One of the scariest things that happens in computers is when you go to restore your backup and find out it is invalid.
A real life story
We had one customer in the 1980's who ran a backup every night. They called us up one day because their hard drive had died and they were having trouble restoring from their tape backup.
When we work working with them the first thing the backup operator said was 'When we first installed, the tape backup took 2 to 3 hours, but for the last couple months it has been wonderful, it only took a few minutes'. The person then pulled out a stack of daily print sheets that had the backup report on it. The backup report said on every page almost nothing other than: Backup failed, 0 bytes copied.
They had of course reused every tape in the last couple months (they only had about 10 to cycle through.0
We looked at this in horror and had to tell them the bad news.
There WAS a silver lining. We found out the hard drive was 'seized' up. We found that by applying a higher amperage power supply to it we could force it to spin. So we started copying data off starting with the highest priority data.
Then we started copying the other things that would make restoring faster. In the middle of copying these the hard drive released a puff of smoke and never turned again.
But we had restored all their data.
The moral of the story:
A backup that has not been certified as restorable is not a backup.
Practical advice
For practical reasons you probably don't want to test every backup, but you want to test from time to time to make sure your backup strategy is working. And if you find that one of your backups is flawed, you should shift into panic mode and do whatever it takes to get a backup NOW … then go back and figure out what went wrong.
But I have a SaaS provider, it's in the cloud – isn't everything safe?
Personally I would never trust another company for EVERY copy of our company's data. I do trust those that have proven to be trustworthy for most of my backups, but never for every backup.
There will almost certainly be a cost associated with having a regular backup from your SaaS provider, but I hardly think it is worth not at least having your own copies monthly.
If you are using one of our SaaS systems you might think: My data is perfectly safe, Maintenance Connection Canada takes backups so seriously I don't need any other source.
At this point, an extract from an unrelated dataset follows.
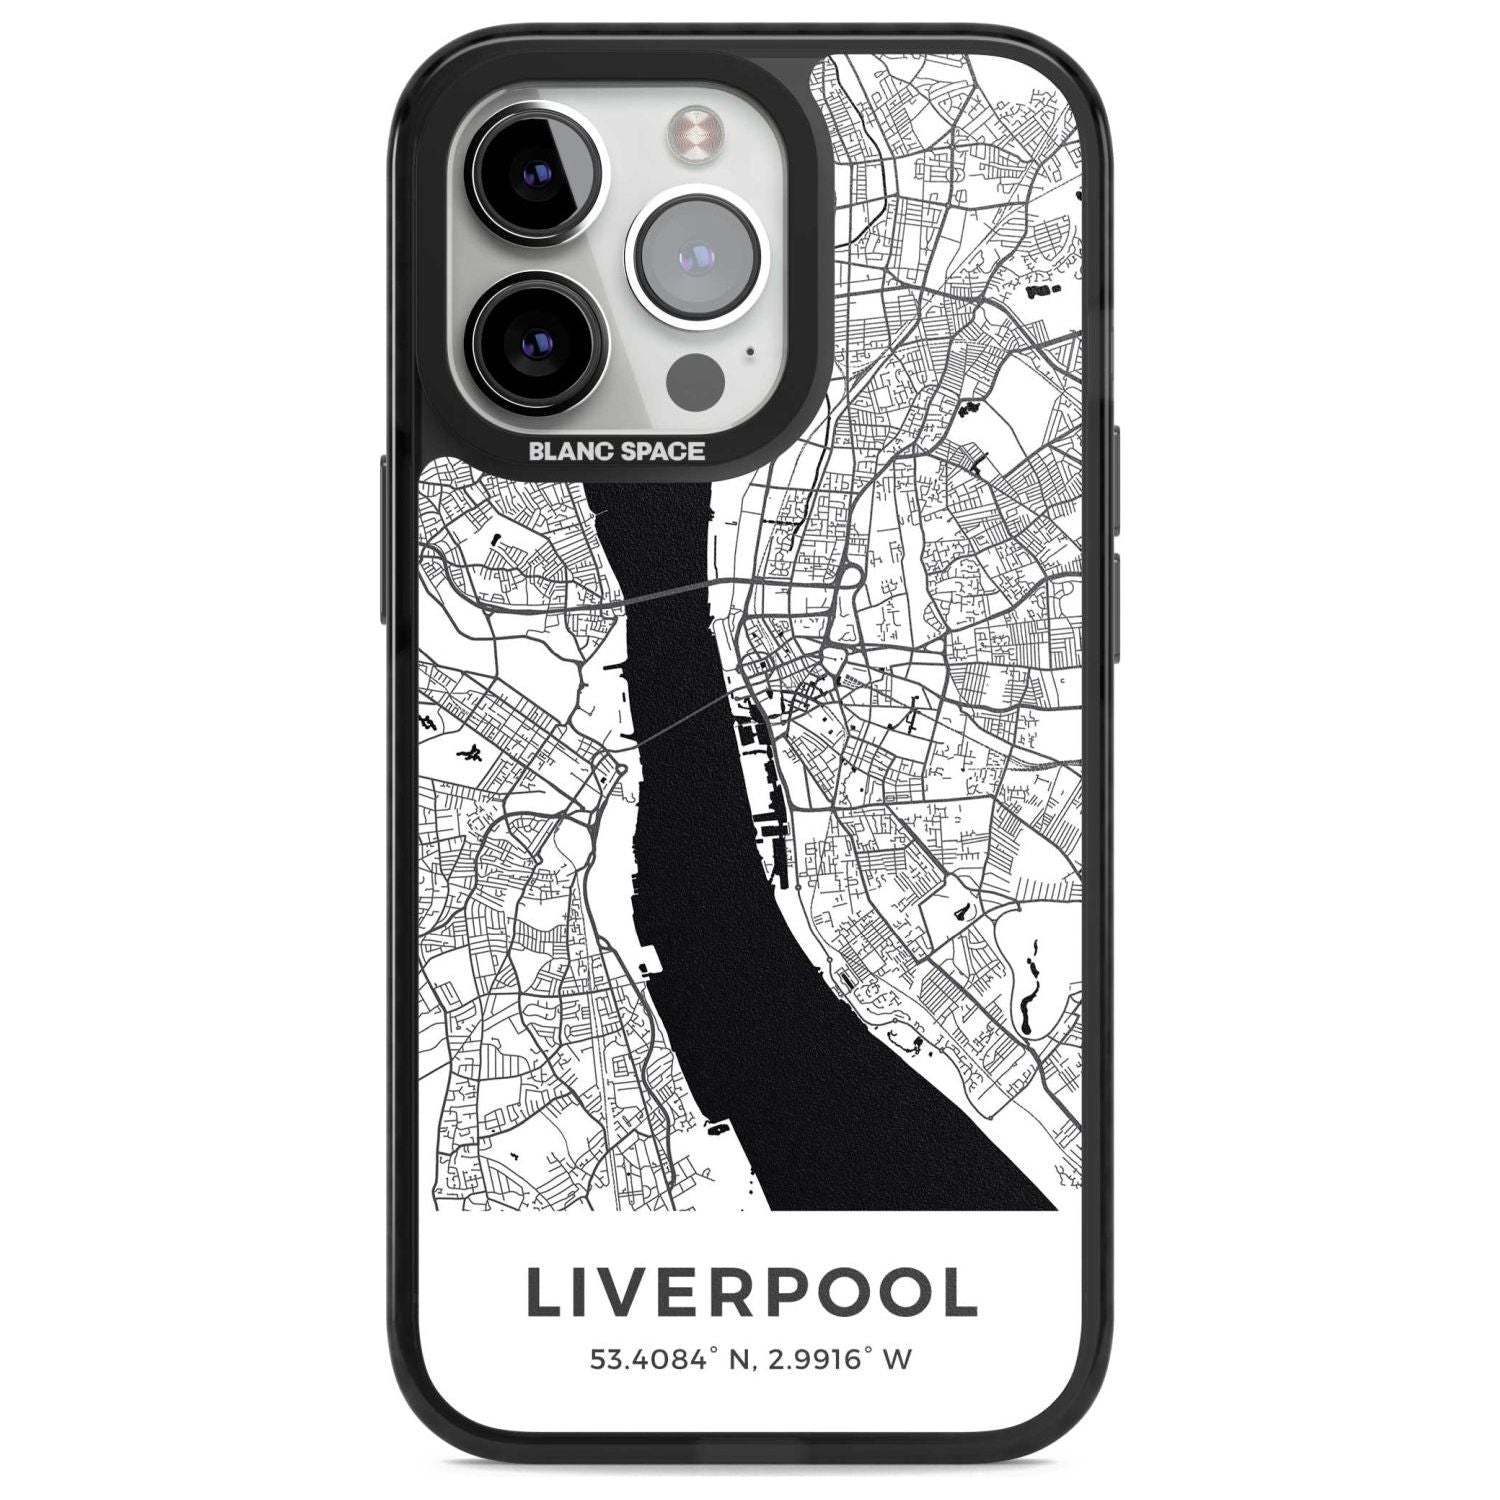 Map of Liverpool, England Phone Case iPhone 15 Pro Max / Magsafe Black Impact Case,iPhone 15 Pro / Magsafe Black Impact Case,iPhone 14 Pro Max / Magsafe Black Impact Case,iPhone 14 Pro / Magsafe Black Impact Case,iPhone 13 Pro / Magsafe Black Impact Case Blanc Space

I hope we never lose that trust, but I don't rely on Microsoft or Google or anyone, so for me to tell you to trust us would be hypocritical.
If you are using our SaaS system, yes there is a cost, but we do it very close to our cost – we do not consider it be part of our revenue stream, we want you to take active control of some of your backups. We make it easy for you, and we keep the cost as low as possible. We strongly recommend it.
So, are you willing to spend a little bit of money to make sure you have a good backup strategy?
If so, you can talk to us (even if you aren't using our SaaS servers), we provide experts – and yes we charge by the hour for this.
In addition, if you have your own servers or are on one of our SaaS we can help you (and yes, it does cost for this service and depending on what you need it may cost on an ongoing basis) to setup what you want if you want more than what we provide in the base monthly package price you are paying.
But whether you pay us to help you or not (and you shouldn't need as much now that you have read this document) please treat your backup strategy and tests of backups as a very important part of your computer systems – not just the Maintenance Connection ones.
As I said more or less at the top:
- Computers make it cheap and easy to backup
- Most people don't take advantage of it
- If you don't computers make it easy to lose EVERYTHING.